For the 1st case I got Z_{7}, second not sure. need hint for that
2. need hint. I know it is easy: M is an R-module. Show that Hom_{R}(R,M)$$\cong$$M.
3. Spse that I is an ideal of R such that I^{k}=0 for some k>0 integer. Let M, N be R-modules and let $$\phi$$:M->N be an R-module hom. Prove that if induced map $$\bar{\phi}$$:M/IM->N/IN is surjective, then $$\phi$$ is surjective.
4. show that 2$$\otimes$$1 $$\neq$$0 in 2Z$$\otimes$$Z/2Z.

Homework Helper
2. You need a map from

{f : R-->M } to M

(or vice versa).

Assuming that R is unital, then there is only one possible map you can write down:

f ---> f(1)

You have to try to show that is an isomorphism.
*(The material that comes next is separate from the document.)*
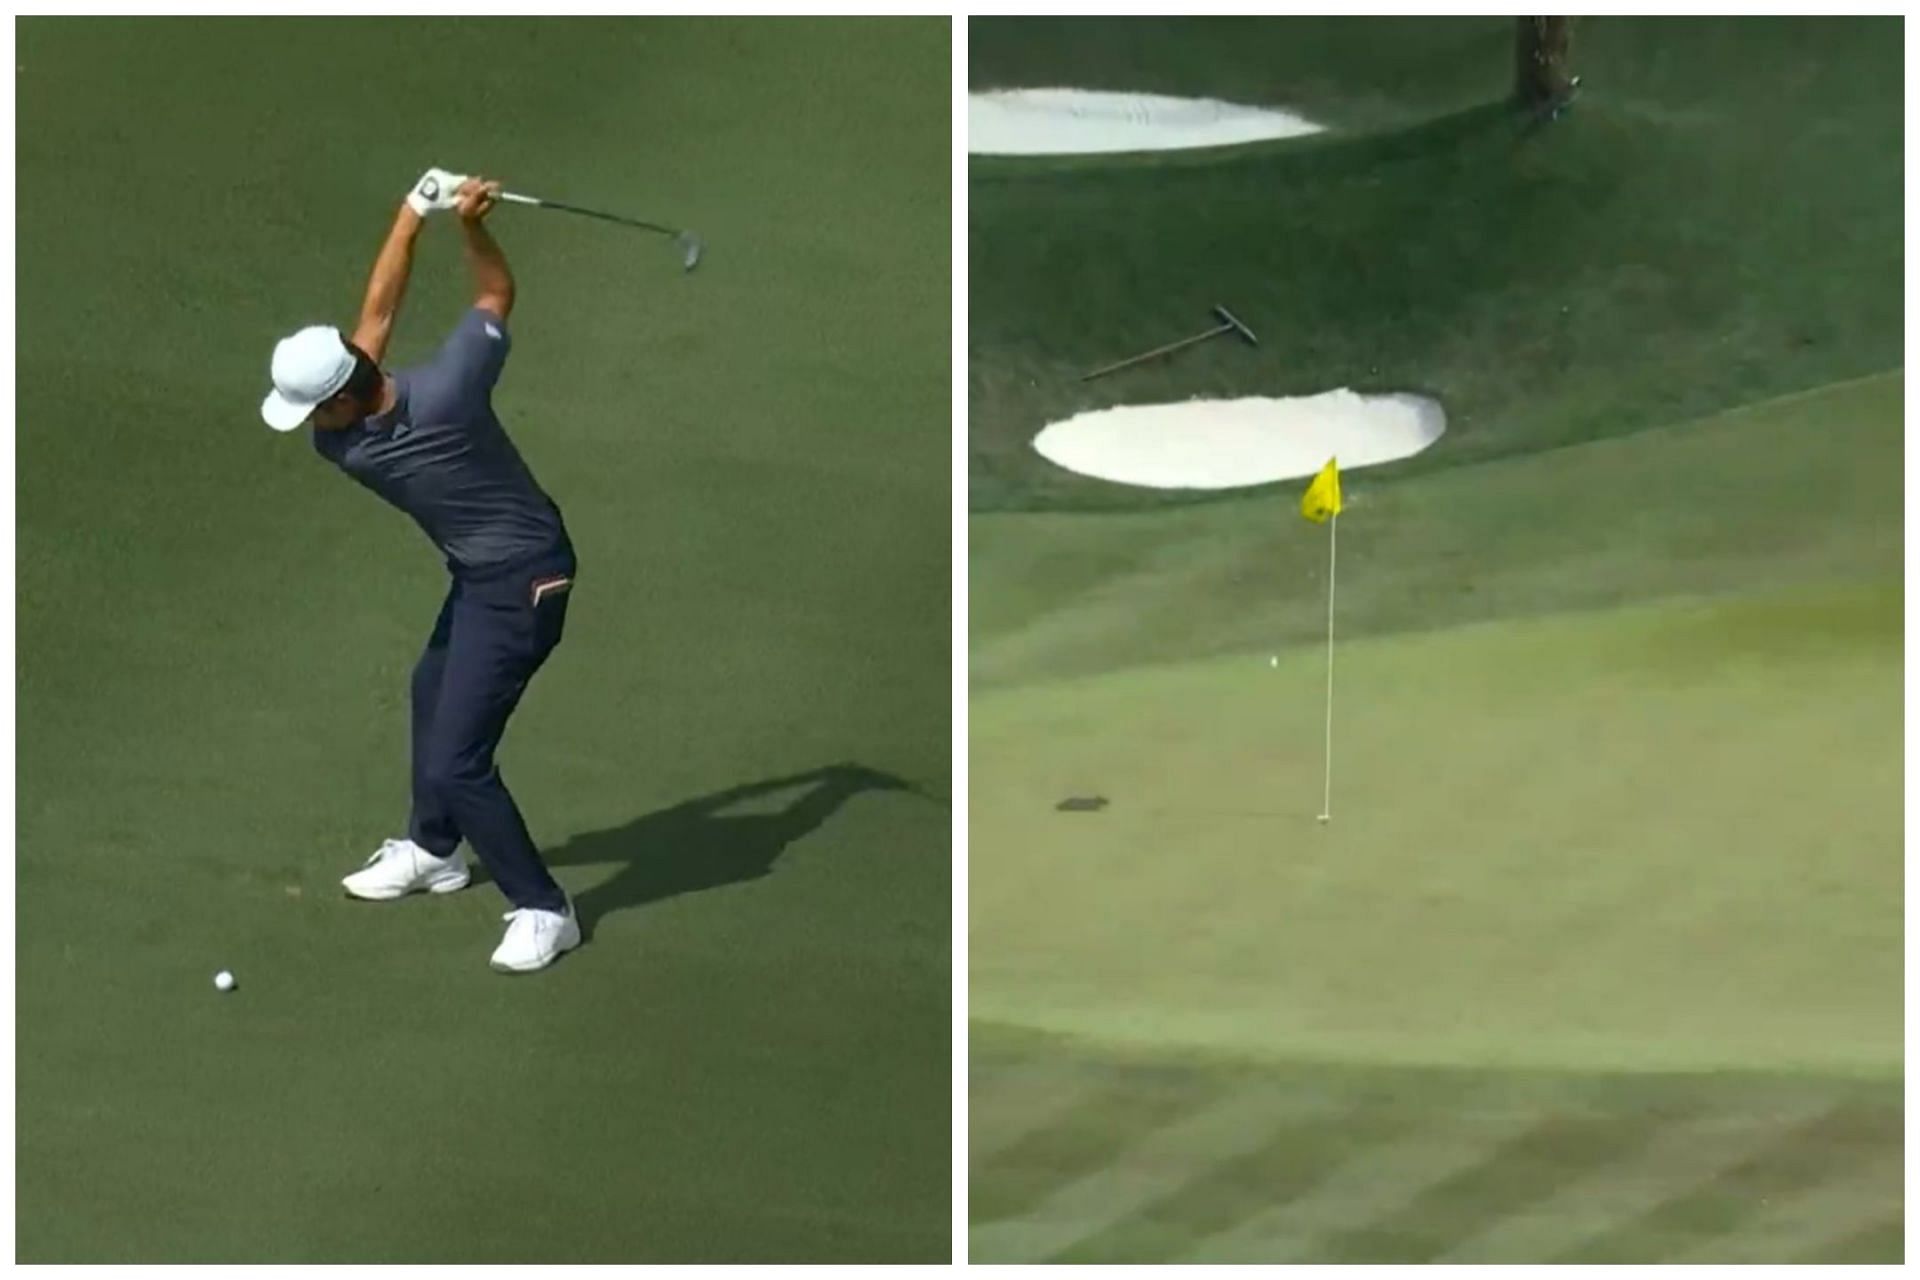 Brandon Wu missed an albatross during the second round of the Players Championship
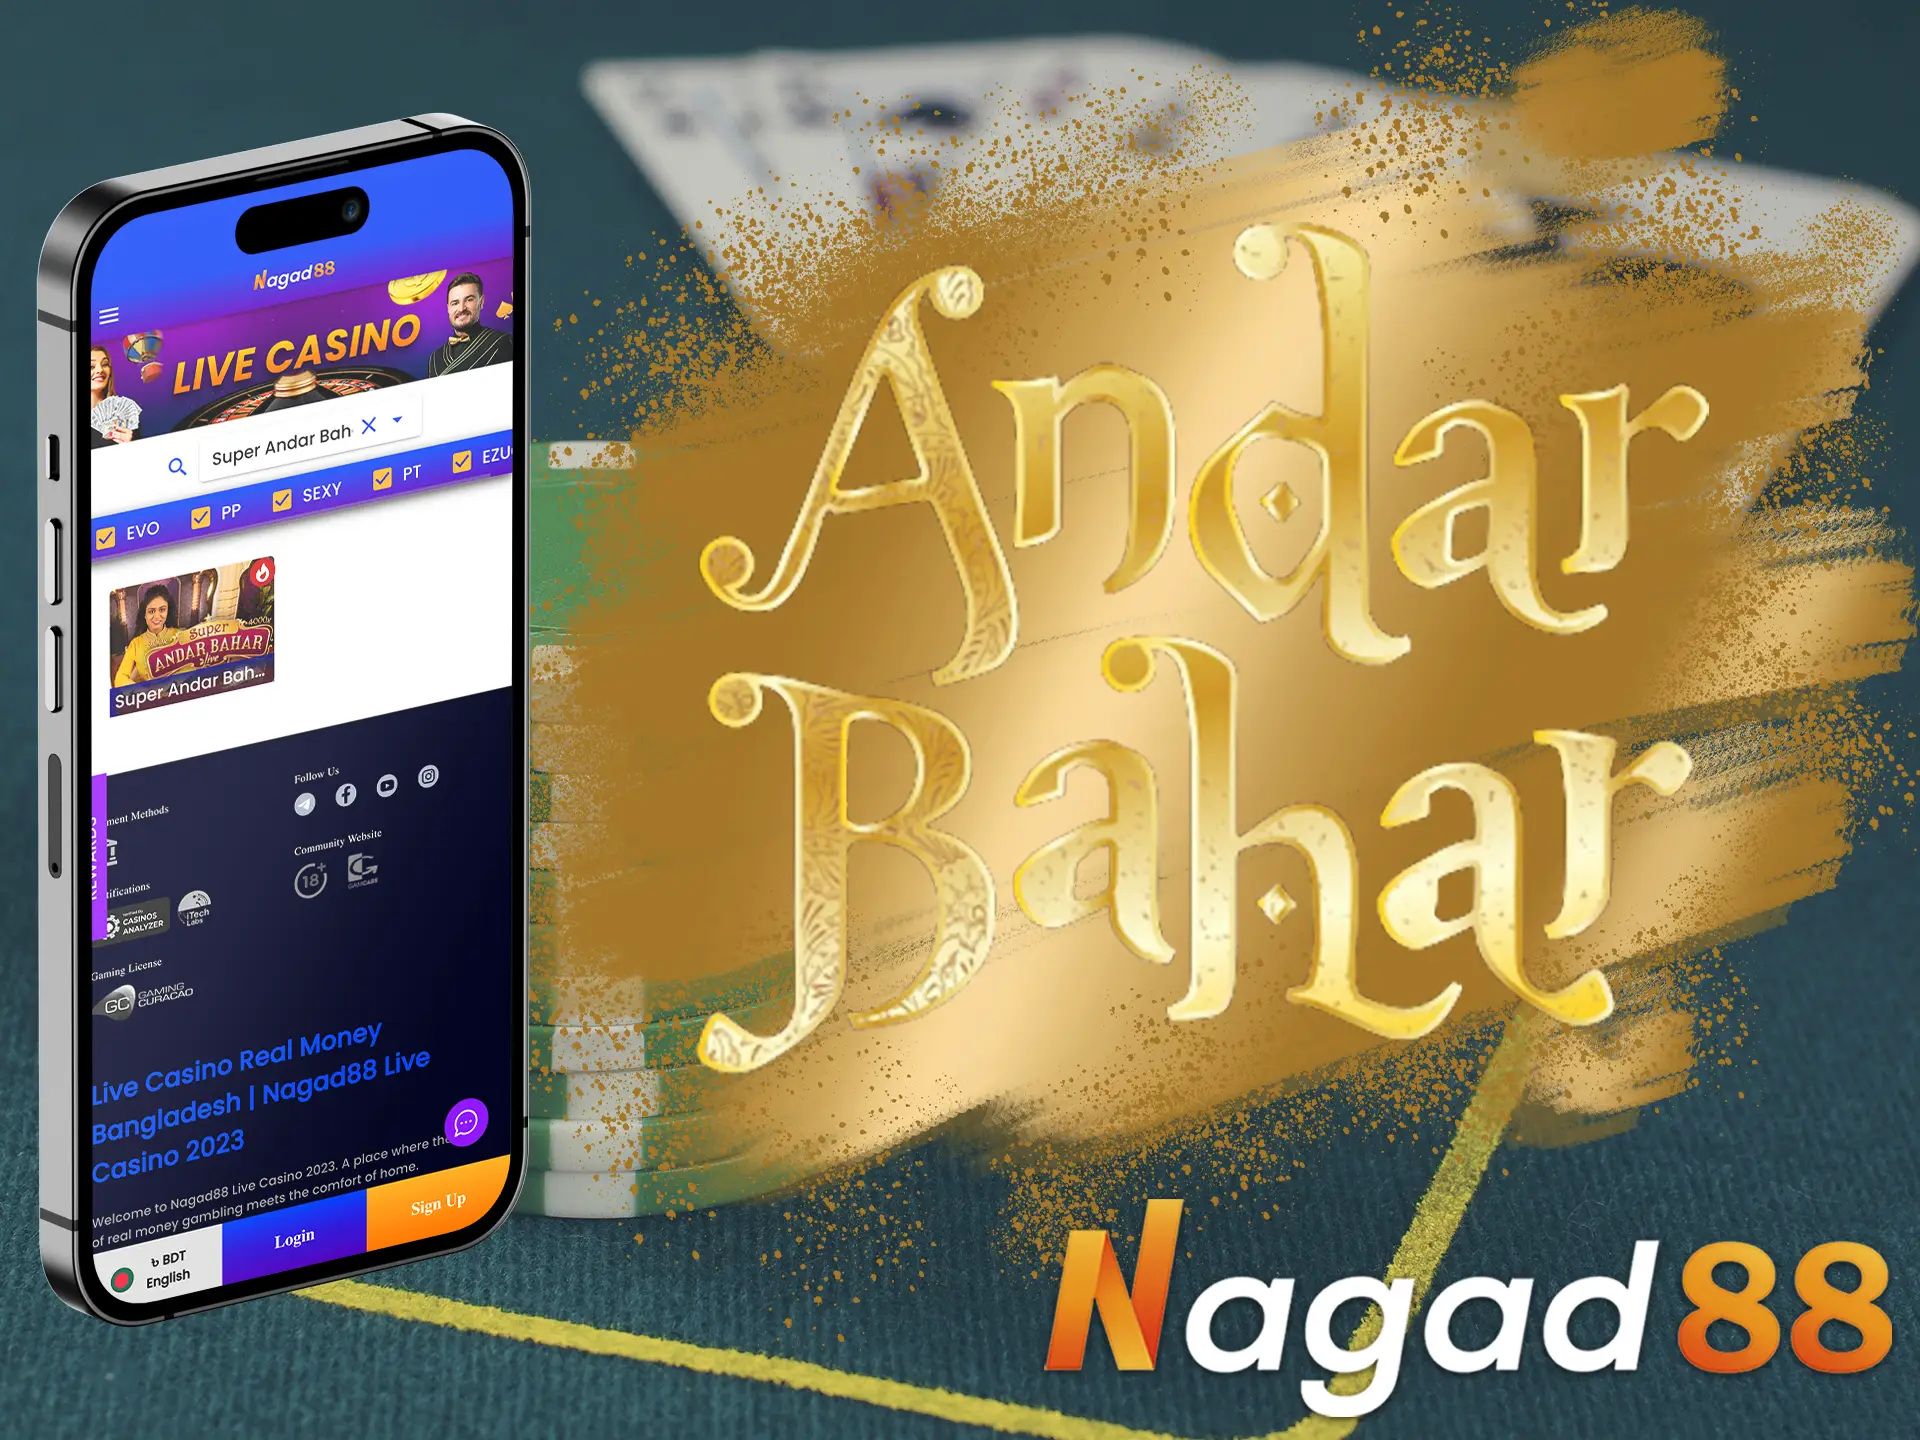 Find the same cards to win in this wonderful section of Nagad88.

You also may want to think about the other direction;

M --> {f: R --> M}

again, there is only one possible map you can write down - given m in M, then the only candidate in Hom_R(R,M) is translation by m:

f_m(r)= r.m

so you have to show that the map m--->f_m is an isomorphism (note we've dropped the explicit use use R being unital).

tohauz
2. You need a map from

{f : R-->M } to M

(or vice versa).

Assuming that R is unital, then there is only one possible map you can write down:

f ---> f(1)
This is what I tried. g(f)=f_{1}. But I had hard time showing that it is surjective

Homework Helper
Have you tried working to find an inverse? The second part of my hint wasn't just decoration.

tohauz
Have you tried working to find an inverse? The second part of my hint wasn't just decoration.

yeah, i got it. thanks

VKint
#3 is somewhat tricky. The key is to prove that $$\varphi(IM) = IN$$. This can be done by induction on $$k$$, but first you'll need a lemma to the effect that if $$\bar{\varphi}$$ is surjective, then the induced map $$\psi_r : I^r M/I^{r+1} \to I^r N/I^{r+1}$$ is surjective for all $$r$$.

Let me think about the others some more...I'll get back to you in a bit. (Although #4 looks pretty trivial.)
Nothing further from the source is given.